= Loan Council =

Australian government and state council

The Loan Council is an Australian Commonwealth-state ministerial council that coordinates public sector borrowing, comprising the Commonwealth of Australia and the states and self-governing territories, New South Wales, Victoria, Queensland, Western Australia, South Australia, Tasmania the Australian Capital Territory, and the Northern Territory. The Loan Council now operates under the Financial Agreement between the Commonwealth, States and Territories of 25 February 1994, which is incorporated as a schedule to the Financial Agreement Act 1994, which came into effect on 1 July 1995. The 1994 arrangements made significant changes to the previous arrangements, the main changes being:
- the Commonwealth and the states each nominate a 'Loan Council Allocation' (LCA), which does not need to be approved by the Loan Council,
- the Commonwealth no longer borrows on a state's behalf,
- the states can now enter into whatever financial arrangements they choose and can issue securities in their own names, and
- the Australian Capital Territory and Northern Territory became full-voting members of the Loan Council (they previously had observer status).

The Loan Council consists of the Prime Minister of Australia, the premier of each state and chief minister of each territory. However, in practice each member is represented by a nominee, usually the treasurer of that jurisdiction. The Treasurer of Australia acts as the chair and the Commonwealth Treasury provides secretarial services. Each jurisdiction nominates a Loan Council Allocation for the forthcoming year and the Loan Council normally meets once a year in person (usually in March) to consider the nominations having regard to each jurisdiction's fiscal position and the macroeconomic implications of the aggregate figure; otherwise business of the council is conducted by correspondence. The Commonwealth has a dominant position over the council, having two votes and also a casting vote. Under this arrangement, the votes of six states/territories are required to outvote a Commonwealth proposition.

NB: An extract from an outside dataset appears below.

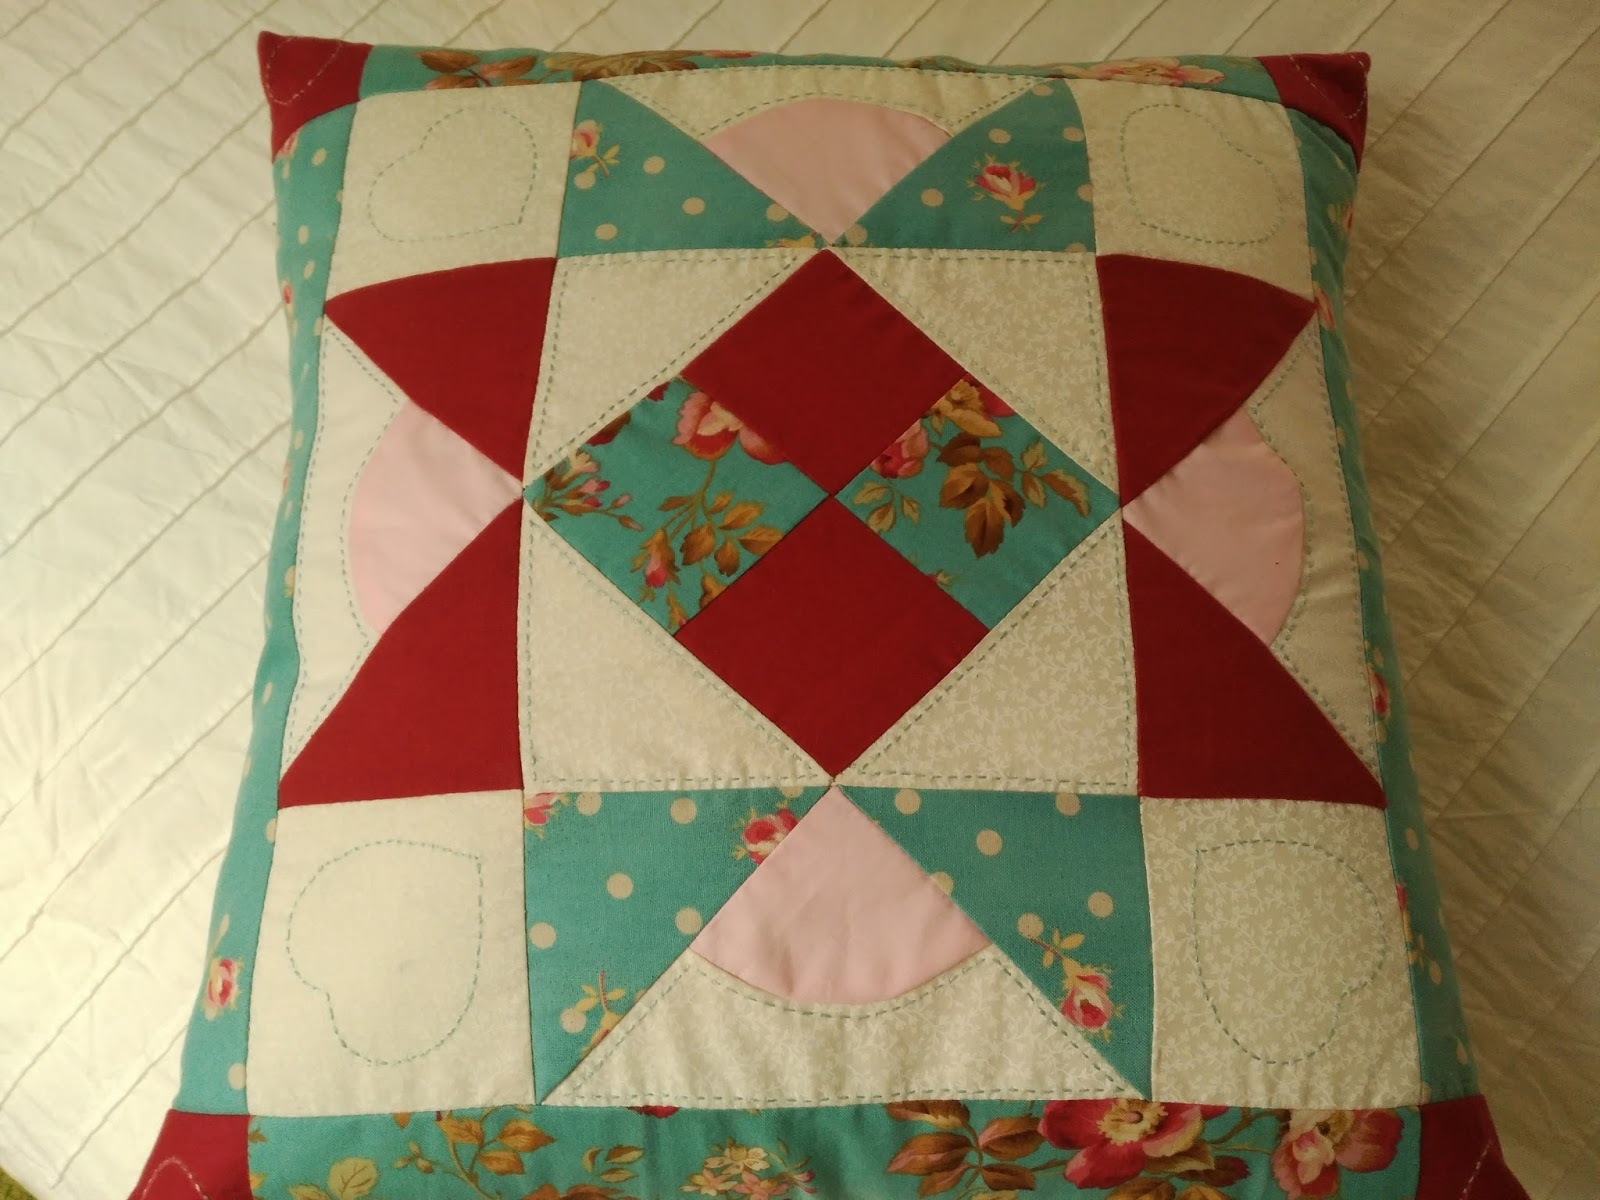 La caja en blanco cojines patchwork - Cojines de patchwork ...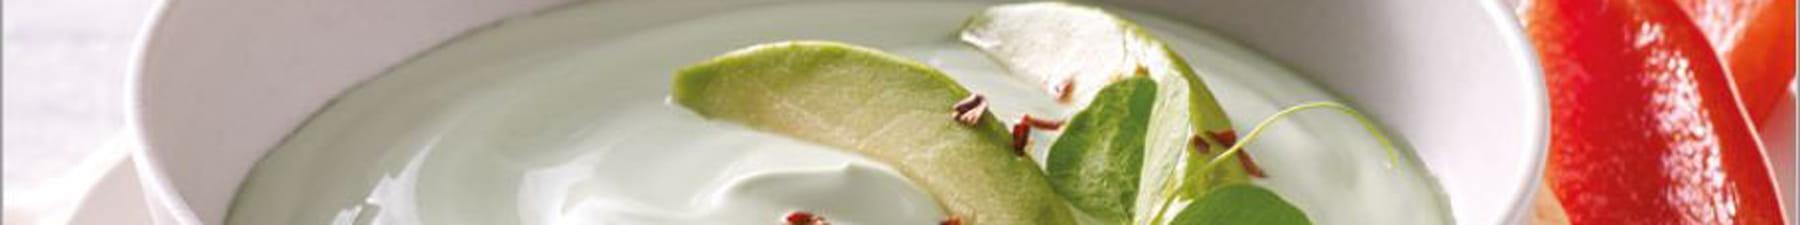 Green yogurt with avocado

In the interest of transparency, each jurisdiction is required to publish its Loan Council Allocation estimates, under the 'Uniform Presentation Framework'. The method of public release is the responsibility of each jurisdiction.

==History==
The Loan Council was established by the Premiers' Conference of May 1923 as a voluntary organisation of Commonwealth and state governments, to co-ordinate Commonwealth and state debt raisings and to avoid each competing against the others for capital funds, three-quarters of which came from overseas (mainly Britain). The arrangements were formalised in 1927 when the Commonwealth and states signed a Financial Agreement. The 1927 Financial Agreement discontinued the per-capita payments system that had existed since 1910, and restricted the borrowing rights of the states by subjecting such borrowing to control by a Loan Council. It also provided for Commonwealth assistance in state debt reduction. Henceforth all governmental borrowing, except for purposes of defence or for 'temporary' purposes, was to be under Loan Council control. The agreement was ratified by all jurisdictions and was incorporated into the Financial Agreement Act 1928.

Due to doubts concerning the constitutionality of this new body, it was agreed that its legality would be put beyond doubt by a constitutional amendment. The 1928 referendum for the purpose was carried by a large majority of voters in all six states to insert a new provision, Section 105A, into the Finance and Trade Chapter of the Australian Constitution.

A test of the Financial Agreement soon came when the Great Depression hit Australia and the Commonwealth and state governments sought to devise a strategy to deal with it. In August 1930, Prime Minister Scullin invited Sir Otto Niemeyer of the Bank of England to advise the premiers. He recommended a traditional deflationary response of balanced budgets to combat Australia's high levels of debt and insisted that interest on loans be met. All state governments other than NSW and the federal government agreed to the strategy, which was called the "Melbourne Agreement". Early in 1931, Jack Lang, Premier of New South Wales, released "the Lang Plan" to combat the Depression as an alternative to the Melbourne Agreement. Key points of the Lang Plan included the reduction of interest owed by Australian governments on debts within Australia to 3%, and the cancellation of interest payments to overseas bondholders and financiers on government borrowings, besides other strategies. As the Commonwealth Government became responsible under the Financial Agreement for state debts, the new UAP government of Joseph Lyons was obligated to pay the interest to the overseas bondholders, and then extract the money from the states. The Commonwealth Government rejected the Lang Plan and Lang refused to pay to the Commonwealth interest and principal that was payable to overseas bondholders, setting the stage for the Lang Dismissal Crisis. To enforce New South Wales’ obligations under the agreement, the Commonwealth passed the Financial Agreement Enforcement Act 1932 to withhold moneys payable to the state and to seize state assets, which the High Court held to be valid.

The 1928 Financial Agreement only authorised borrowings by governments and did not encompass borrowing by Commonwealth and state semi-governmental and local authorities. In 1936, these arrangements were voluntarily brought under Loan Council control, under a 'gentlemen's agreement', to prevent state governments circumventing the council's borrowing limits. This agreement remained in effect until 1984–85 when 'global borrowing limits' were introduced.